_What is expected_
Every line from the one holding "Chanel White 22cm 大全套 有卡 有貼 有塵袋 有盒" through the one holding "Black Forest linden" in the data below must be returned exactly, both ends included, with pictures left out and nothing else added.

_Source records_
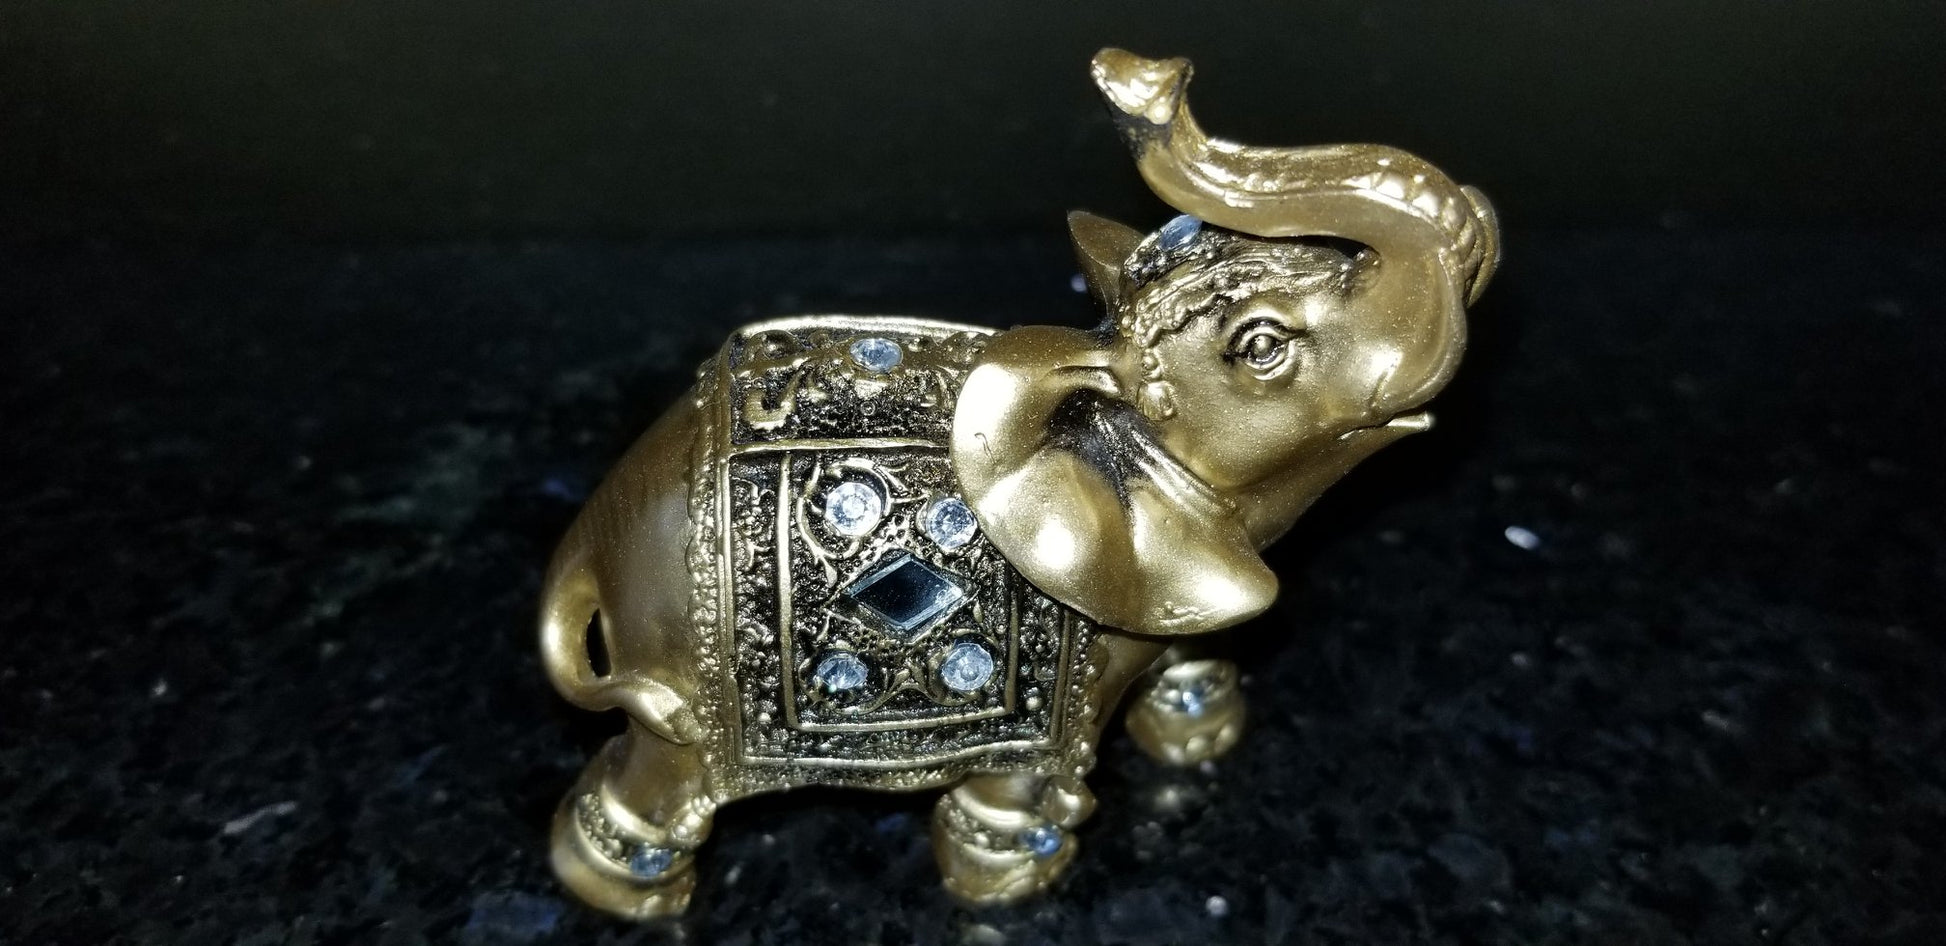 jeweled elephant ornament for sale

==

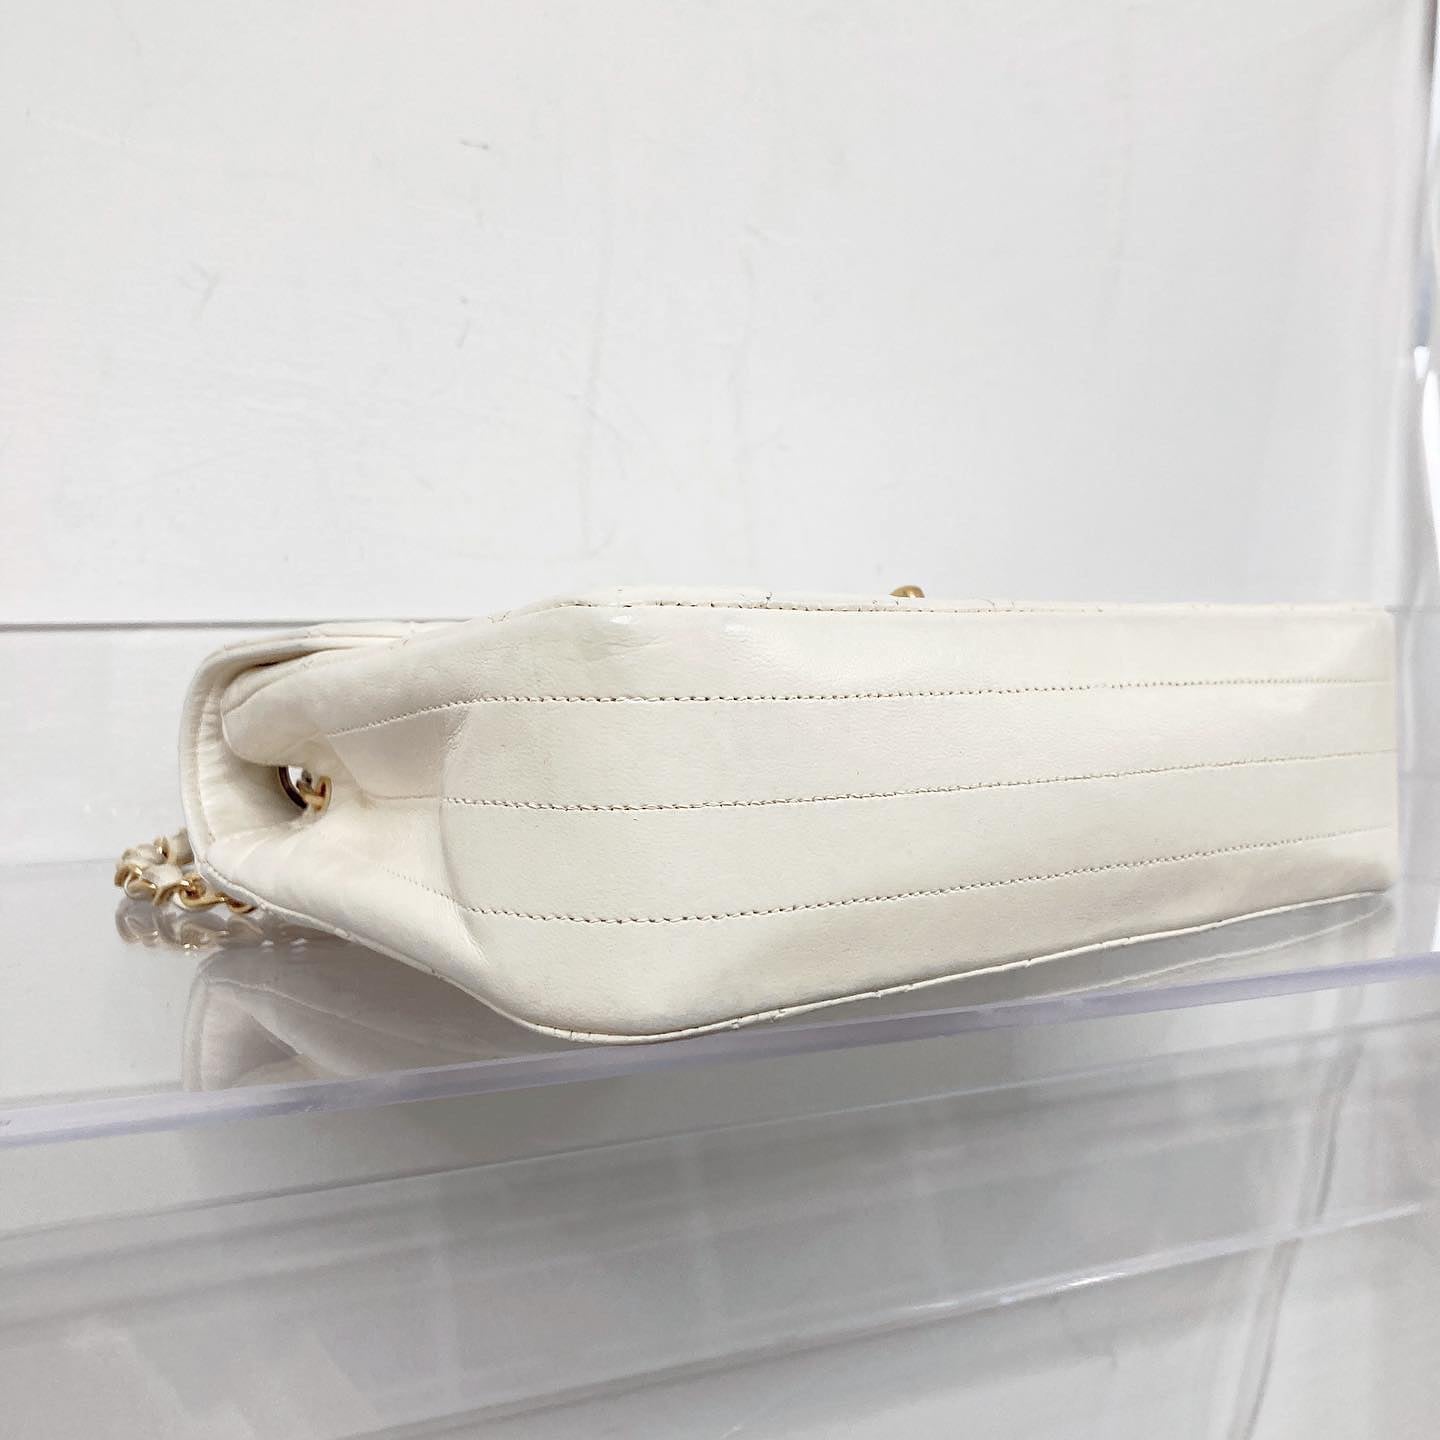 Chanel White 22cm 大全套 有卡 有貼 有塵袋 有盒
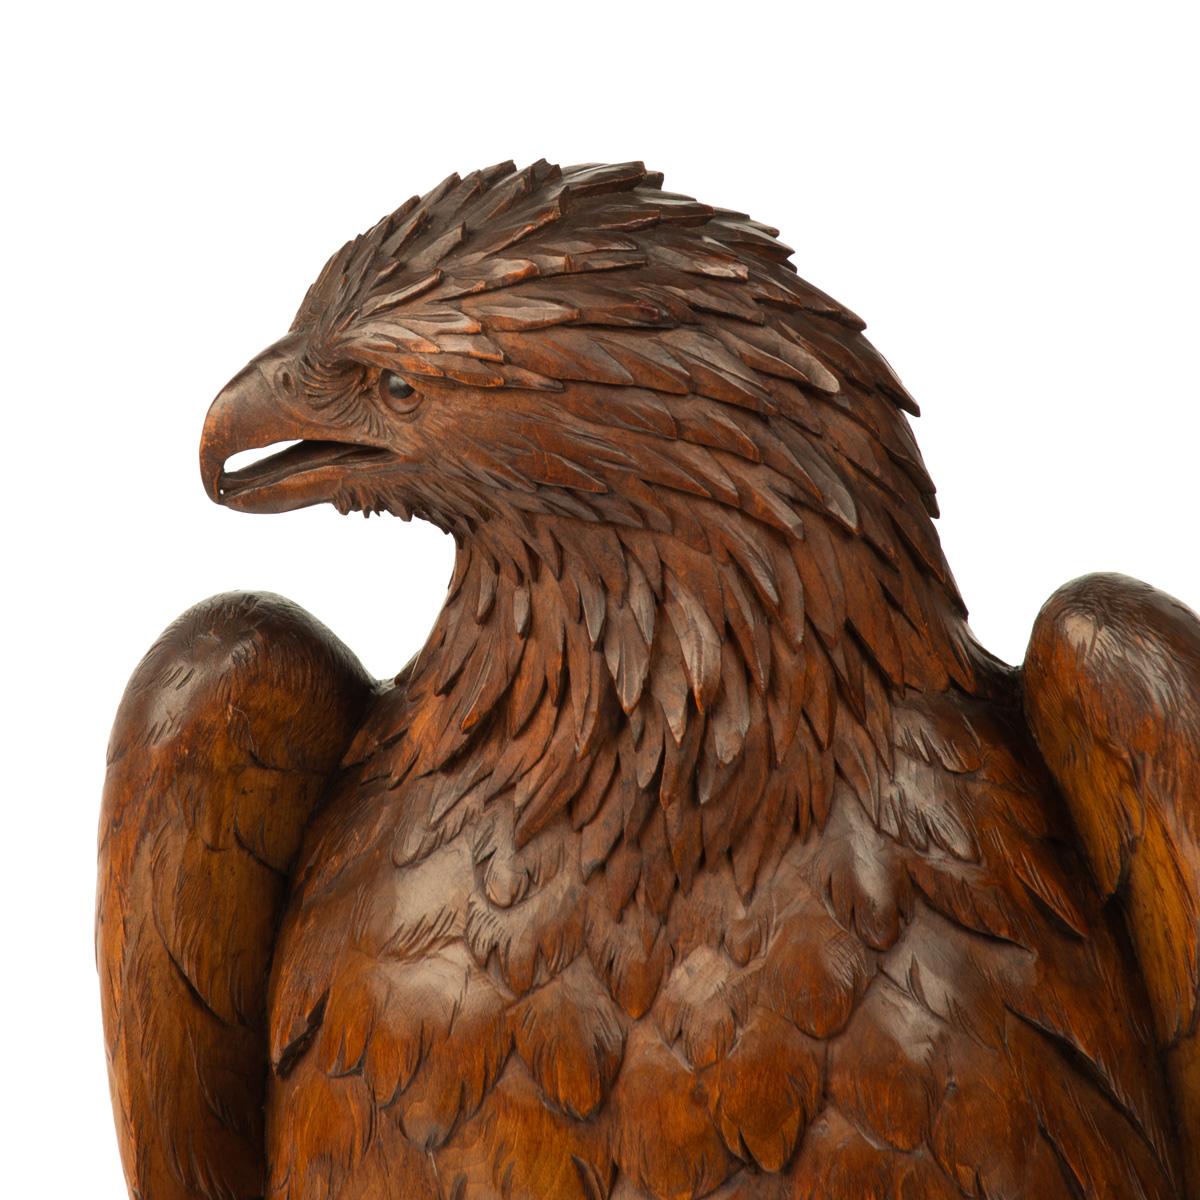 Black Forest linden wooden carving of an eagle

_Output for this exercise_
 Chanel White 22cm 大全套 有卡 有貼 有塵袋 有盒
 Black Forest linden wooden carving of an eagle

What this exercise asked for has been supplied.